The Dirty Dozen

October 2013 053Requirements for Food to Pass the Eden-Dog Sniff Test

What do I require in a dog food? As you’ve probably already guessed, I expect a lot. In order to earn a high rating on the Annette-scale of dog food acceptability the companies must check off boxes in most of the requirements listed below:

1)     Be a small, privately owned (preferably family-owned) company that makes the majority of their profits on pet foods and produces only one or two brands of dog foods (not to be confused with dog food varieties within a single brand. More is fine there)

2)     Manufacture their own foods; not use contract manufacturers (at all, preferably) at least for their dry foods.

3)     The vast majority of their food varieties must be animal-protein based

4)     The foods contain highly digestible sources of nutrients.
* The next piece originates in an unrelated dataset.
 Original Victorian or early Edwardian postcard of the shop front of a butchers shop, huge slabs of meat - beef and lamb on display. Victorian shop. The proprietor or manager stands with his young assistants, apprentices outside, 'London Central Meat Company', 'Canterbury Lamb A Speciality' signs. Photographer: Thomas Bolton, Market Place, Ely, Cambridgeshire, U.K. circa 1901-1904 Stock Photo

5)     The foods have an adequate proportion of protein-to-fat and very few carbohydrates

6)     The vast majority of the food varieties must contain carbohydrates sourced from whole, natural grains or nutritious starchy vegetables (dry food must contain carbs, it is the only way to make it dry and shelf stable as far as I know)

7)     The foods avoid GMO products and dangerous additives, preservatives and chemicals.
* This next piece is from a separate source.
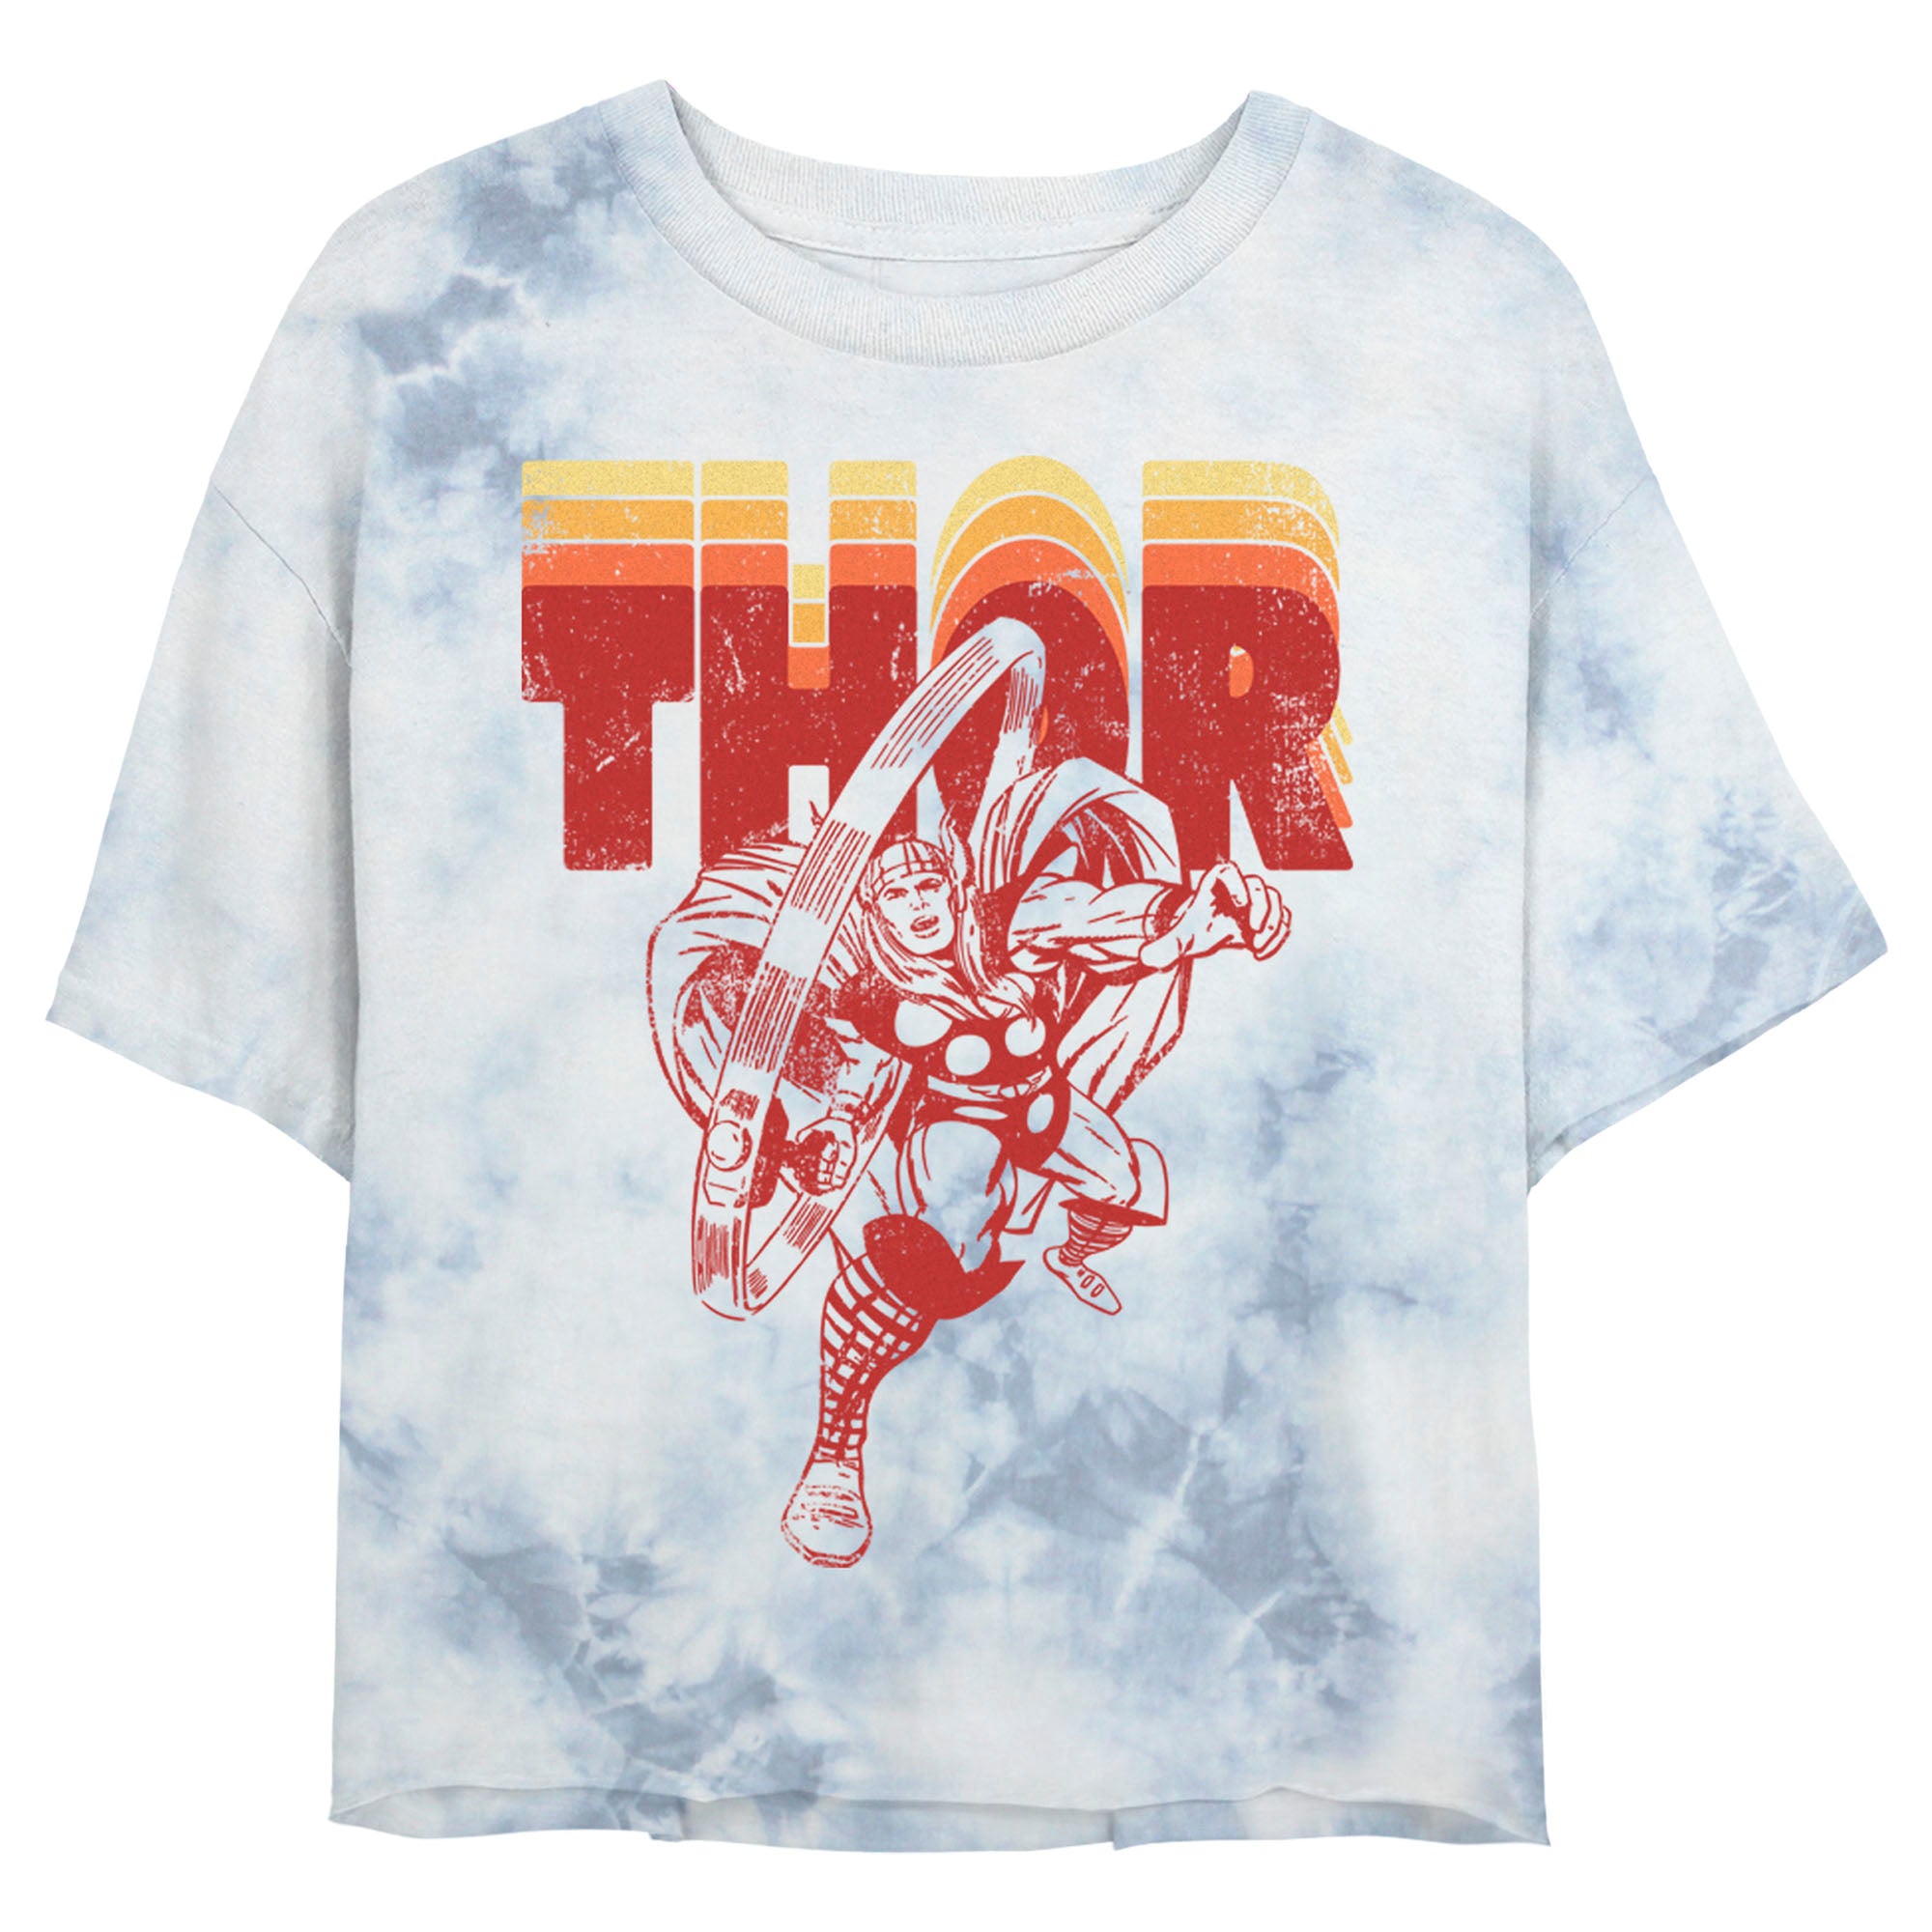 Join the Avengers: Merch Box Today Mouse Kids Apparel Shop Line Marvel Our The –

8)    The foods avoid non-nutritious colors and additives designed to make the food visually appealing to humans.

9)     The foods do not contain by-products.

10)  The foods do not contain corn and corn products.
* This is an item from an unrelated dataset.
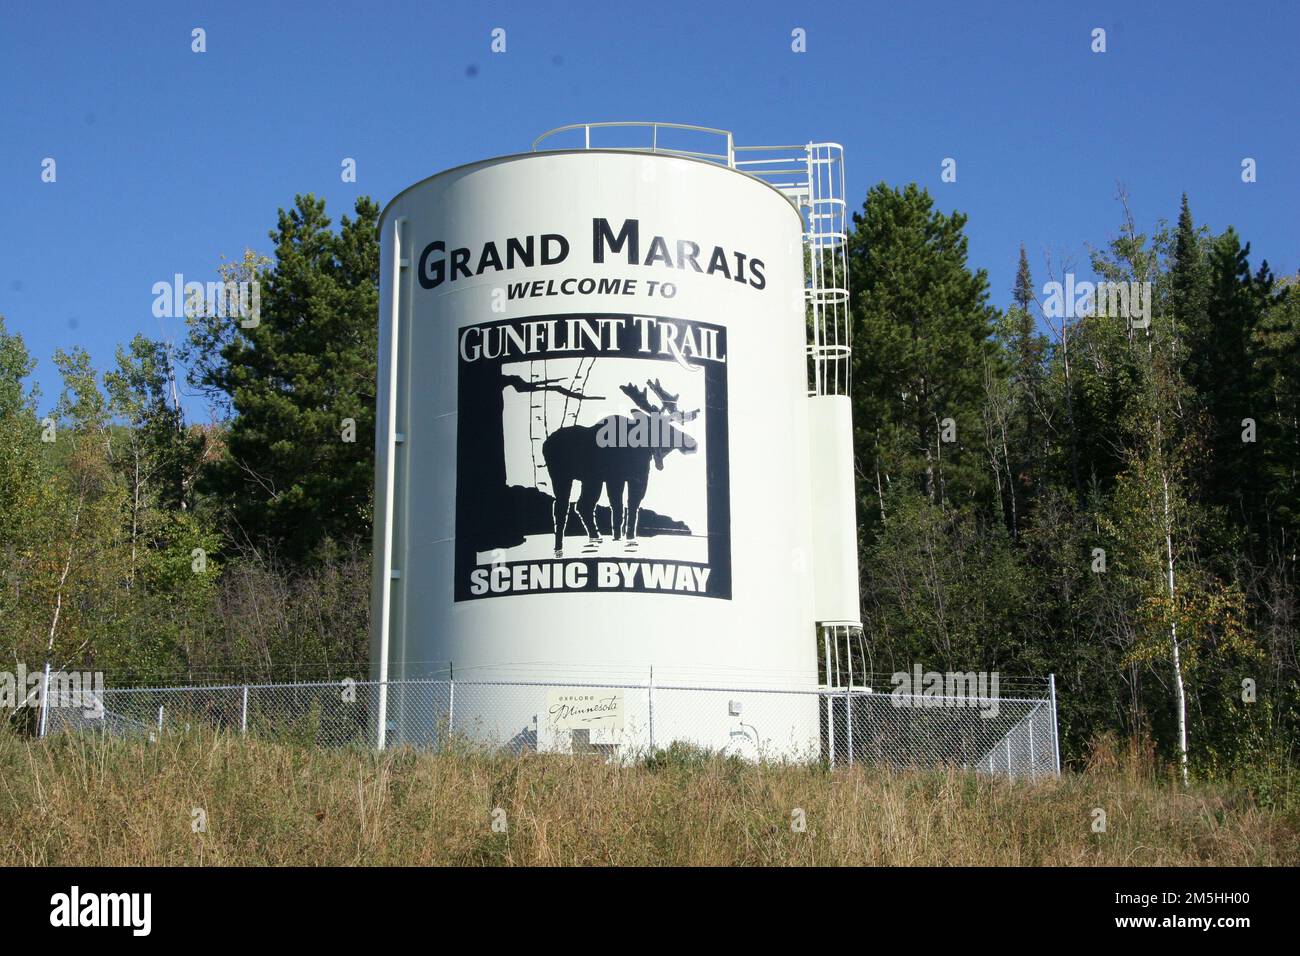 Gunflint Trail Scenic Byway - Gunflint Trail Scenic Byway Water Tower. The water tower is painted to welcome travelers to the Gunflint Trail Scenic Byway. The Scenic Byway logo pictures a moose standing on a lakeshore. Minnesota (47.763° N 90.343° W) Stock Photo

11)   The foods practice straight-forward and honest marketing and ethical business.

12)  The companies respond to inquiries quickly and have good customer service.

Explained:

1)     Companies that are owned privately care more about their customers. Companies that are family owned tend to keep the original passion (which likely caused them to start a company) longer and through several generations of company ownership. That passion (with dog food) is generally high quality dog nutrition. Large companies that make a billion other products and pet-foods account for a tiny percentage of their profits are not very likely to care about their pet foods or their pet food customers (dog and human alike).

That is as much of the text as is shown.